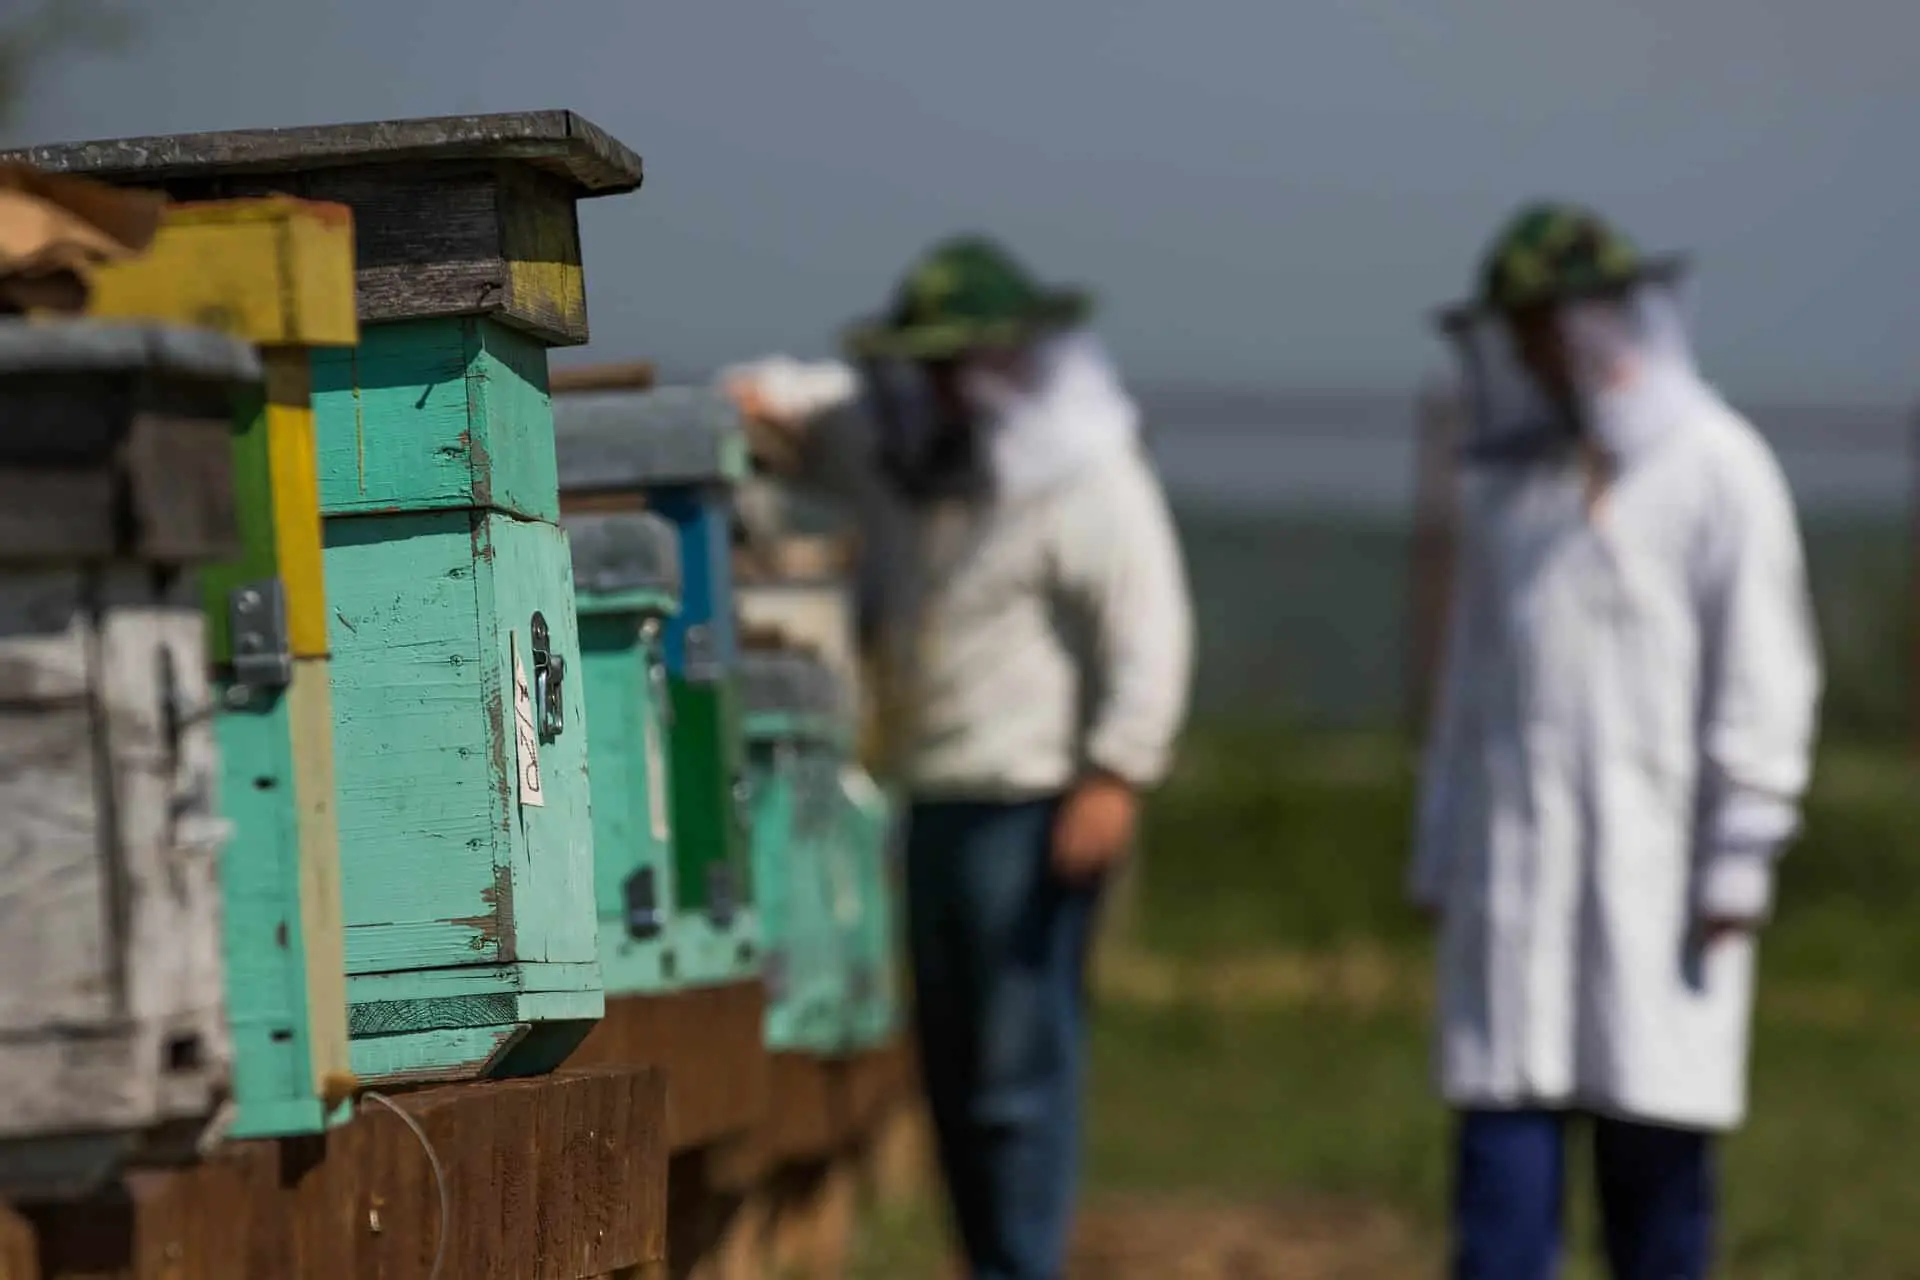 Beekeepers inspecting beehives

____________________

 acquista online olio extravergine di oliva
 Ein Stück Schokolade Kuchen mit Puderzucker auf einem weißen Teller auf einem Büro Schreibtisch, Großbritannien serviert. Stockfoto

____________________

Only the lines above starting with the one with "acquista online olio extravergine di oliva" and going through the one with "Ein Stück Schokolade" are to be copied, word for word and with both ends kept.

◆ Expected answer:
 acquista online olio extravergine di oliva
 Ein Stück Schokolade Kuchen mit Puderzucker auf einem weißen Teller auf einem Büro Schreibtisch, Großbritannien serviert. Stockfoto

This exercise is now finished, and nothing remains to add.